Part Three reveals the eventual degeneration of Dick Diver into alcoholism as he is wasted away by his wife’s needs as well as the resentment of being a kept man. In the novel Dick’s father was without means, but his mother did inherit  enough to make the family comfortable. This is an exact parallel to Fitzgerald’s life. When Dick married Nicole he gave up his aspirations to be a great psychologist and made his wife his career. When Fitzgerald ran out of money to pay for his wife’s reoccurring hospital bills, he was forced to forgo his writing to do screenplays in Hollywood. Nowadays this would akin to Robert Deniro having to do soap operas for money. Fitzgerald was the preeminent writer of his time. The resentment that builds in Dick Diver’s character turns him more and more to the bottle and he starts to rapidly deteriorate where he is spoken about as an embarrassment and a bore. Did Fitzgerald hear these kind of rumors about himself?

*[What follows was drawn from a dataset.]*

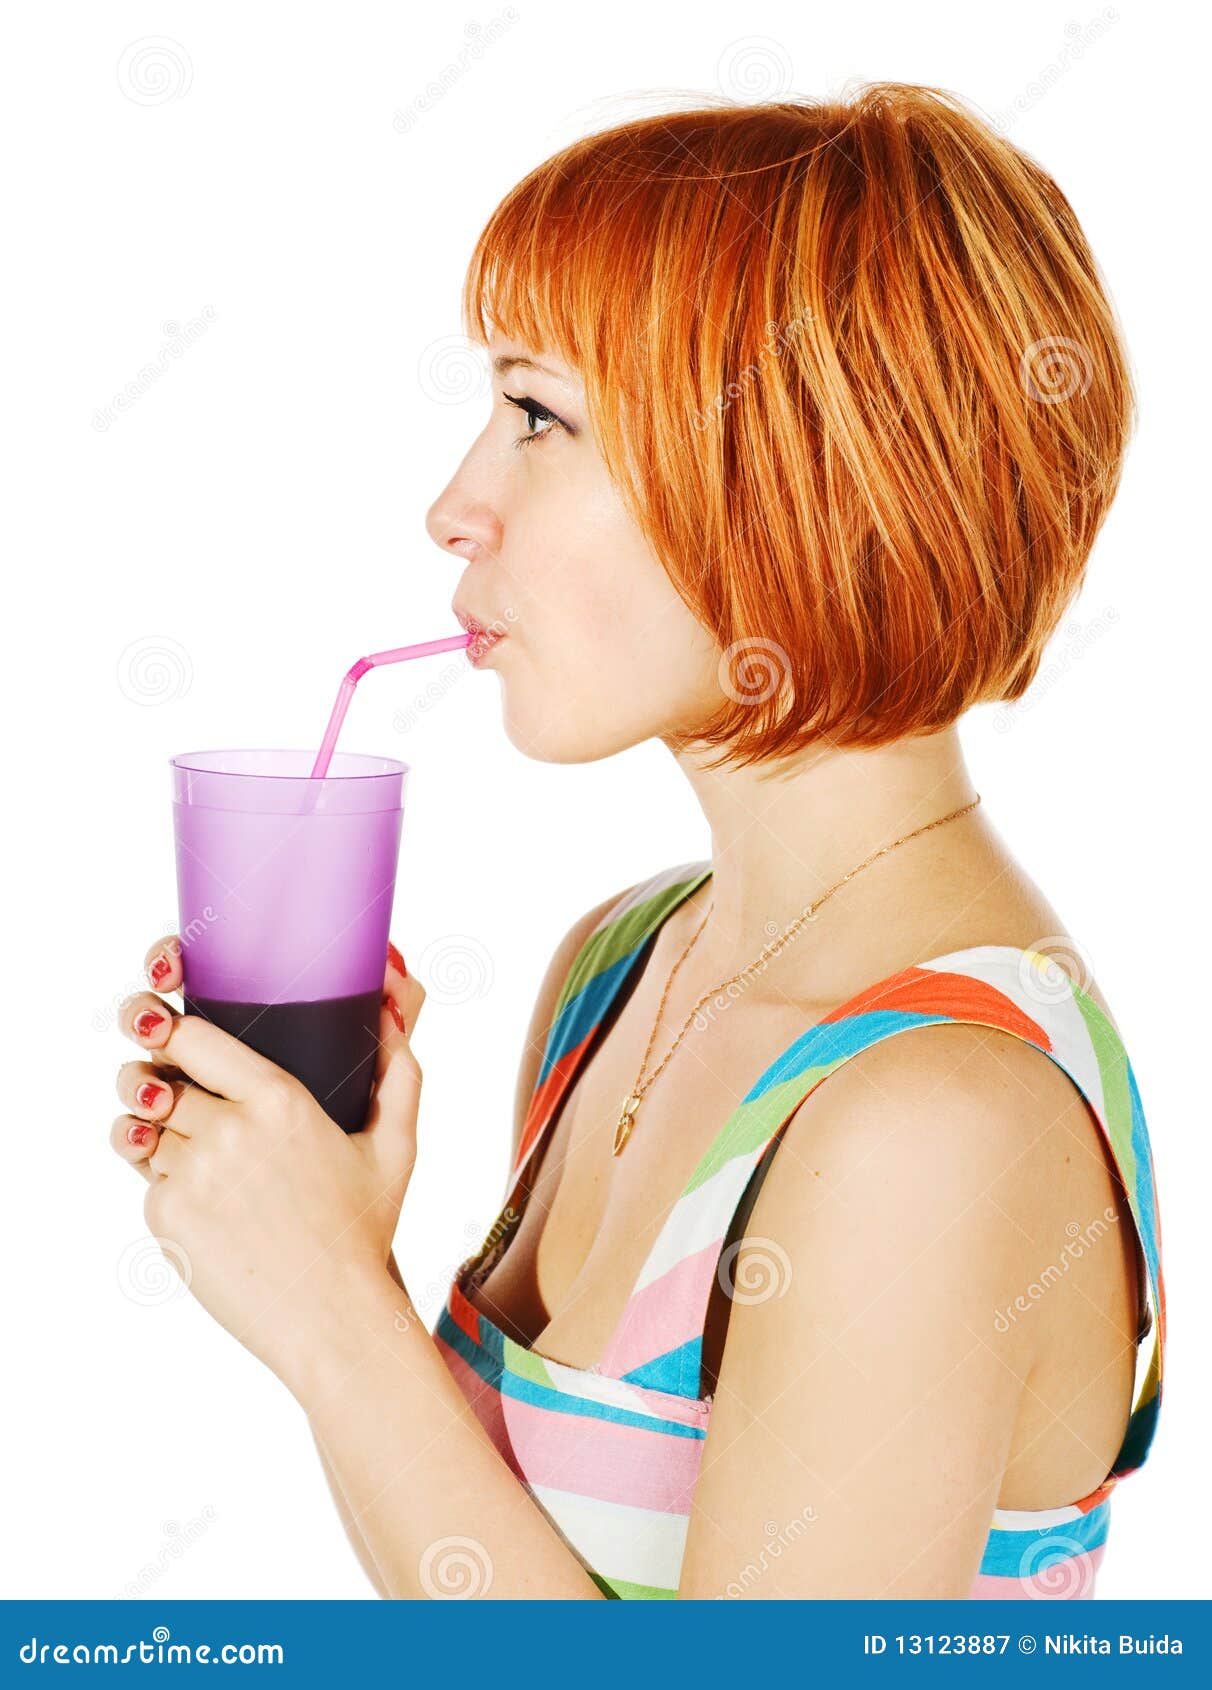 Пить сок через трубочку. Девушка пьет из трубочки. Девушка пьет сок. Человек пьет коктейль. Пьет сок из трубочки.

The book ends with Dick simply and quietly drifting away, the last fluttering sparks of an extraordinary firework. The reader is left not knowing what really becomes of him but assuming the worst.
The most interesting aspect of this novel to me is the intense examination of the downward spiral into alcoholism and all its tragic outcomes that only through experience can be retold. It is as though Fitzgerald’s fate was so intertwined with this book that he believed it could have no other ending. There would be no recovery, comeback or happy ending for Dick Diver. Fitzgerald and his wife were both, according to many sources, degenerate alcoholics and lived extremely destructive lives. There co-dependency probably kept them together regrettably to a unfortunate premature end.
 

1 comment:

Cara Powers said...

So wanted to read this book with you. I'll try to read A Portrait of the Artist as a Young Man again this week. I doubt I'll get to it though.